Most of the peripherals are connected via I2C and the associated unit tests give examples of how to access them and read data. As an example, the unit test accesses the accelerometer like so:



echo 1 > /sys/devices/virtual/misc/FreescaleAccelerometer/enable
printf '\n'
while [ 1 -eq 1 ] ; do
  printf 'Test for FXOS8700CQ (3-axis linear accelerometer)\n'
  printf '\nPlease check the device ID (Should be 0xC7)\n'
  printf '   Device ID\n'
  WHO_AM_I="$(i2cget -f -y 3 0x1e 0x0D)"
  echo "   WHO_AM_I: ${WHO_AM_I}"
  printf '\nPlease move the Board in different directions\n'
  printf '   AXIS X\n'
  OUT_X_MSB="$(i2cget -f -y 3 0x1e 0x01)"
  OUT_X_LSB="$(i2cget -f -y 3 0x1e 0x02)"
  echo "   OUT_X_MSB: ${OUT_X_MSB}"
  echo "   OUT_X_LSB: ${OUT_X_LSB}"
  printf '\n   AXIS Y\n'
  OUT_Y_MSB="$(i2cget -f -y 3 0x1e 0x03)"
  OUT_Y_LSB="$(i2cget -f -y 3 0x1e 0x04)"
  echo "   OUT_Y_MSB: ${OUT_Y_MSB}"
  echo "   OUT_Y_LSB: ${OUT_Y_LSB}"
  printf '\n   AXIS Z\n'
  OUT_Z_MSB="$(i2cget -f -y 3 0x1e 0x05)"
  OUT_Z_LSB="$(i2cget -f -y 3 0x1e 0x06)"
  echo "   OUT_Z_MSB: ${OUT_Z_MSB}"
  echo "   OUT_Z_LSB: ${OUT_Z_LSB}"
  usleep 300000
  printf "\033[18A\033[K"


So as you can see from the script, the device is locates on i2c bus 3, at address 0x1e.


Accessing register 0x0d will give you the device ID of 0xC7

Accessing register 0x01 will give you the x-axis most significant bit, which obviously will change with the position of the sensor.

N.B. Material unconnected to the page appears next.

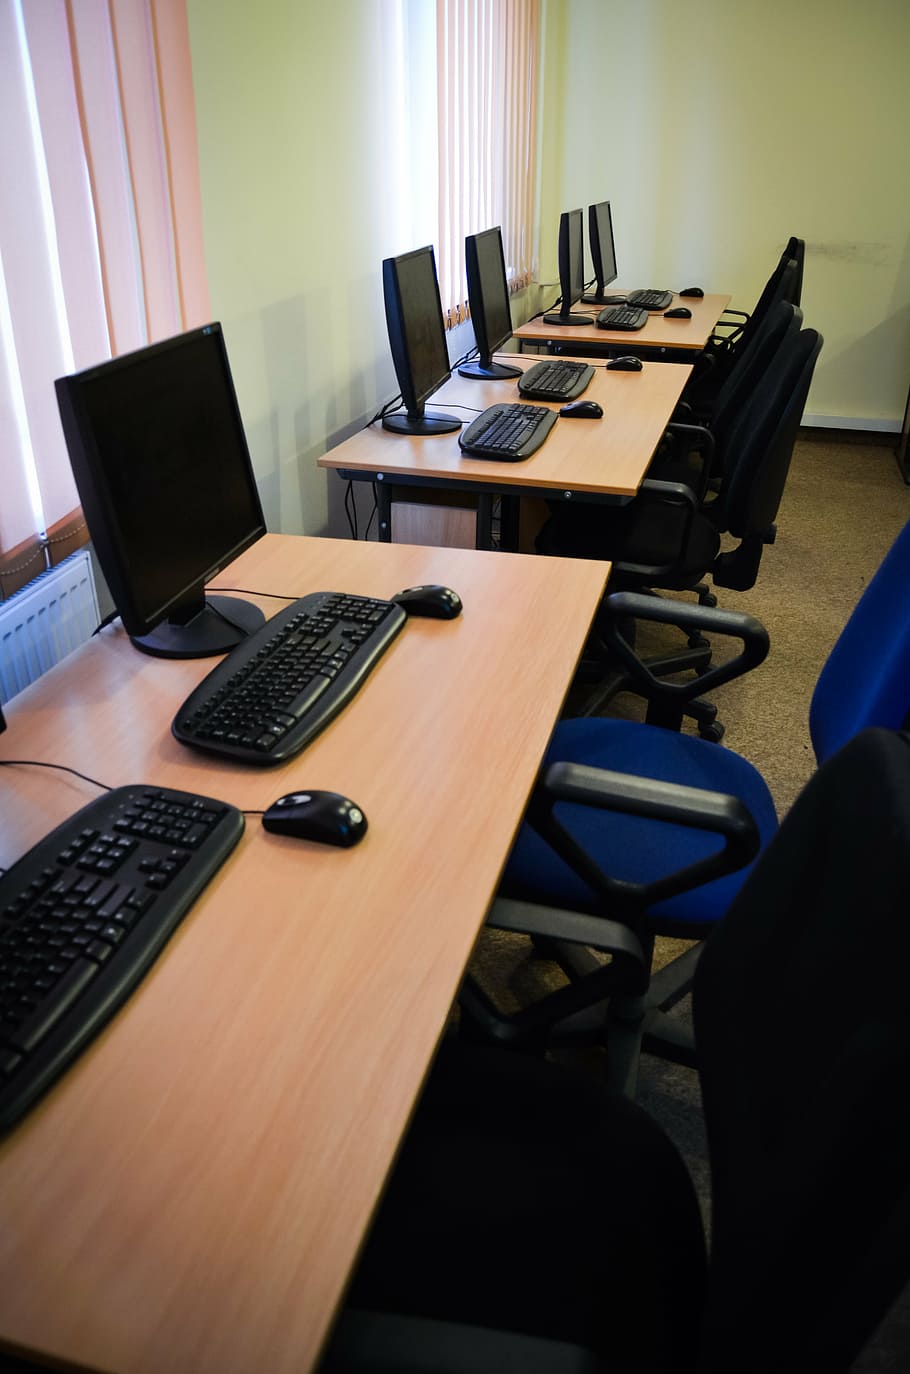 five, black, flat, screen computer monitors, brown, wooden, desks, school, room, training

Registers 0x02 - 0x06 will give you the current contents of the remaining values sensed.


The audio device can be accessed using the programs amixer, arecord, and aplay. This is demonstrated in the unit test

This script sets the Mic level to 50%, the Capture level to 50%, and records, then plays the captured audio.


Examples for the remaining currently supported devices can be found in the unit test folder.


Several of the devices that this board/kit features that intrigued me the most were not available at the time of this writing. This would be the built-in camera, and access to the Cortex M4 core. Although support is expected soon.


All in all, I think it is a interesting little board with great potential.


I think if I were to learn more about the Yocto distribution and how to include more packages of my choosing, I would be able to exploit this board in greater detail.


The documentation is fairly complete and seemed to be accurate. I followed the instructions as written for loading new images and downloading the distribution and building locally and had no issues.


I'd definitely recommend this board if you are looking for a small device that is able to be powered by a battery, has wi-fi, and bluetooth capability, and also contains an NFC reader. As I mentioned most of the devices are available via I2C, and the peripherals are well documented, both by NXP and by the supplied unit tests.


Something I might like to do in the future to make this a better development platform is to have a more traditional linux distro available that would allow me to do my development on the board, and then package it as a yocto distribution for deployment.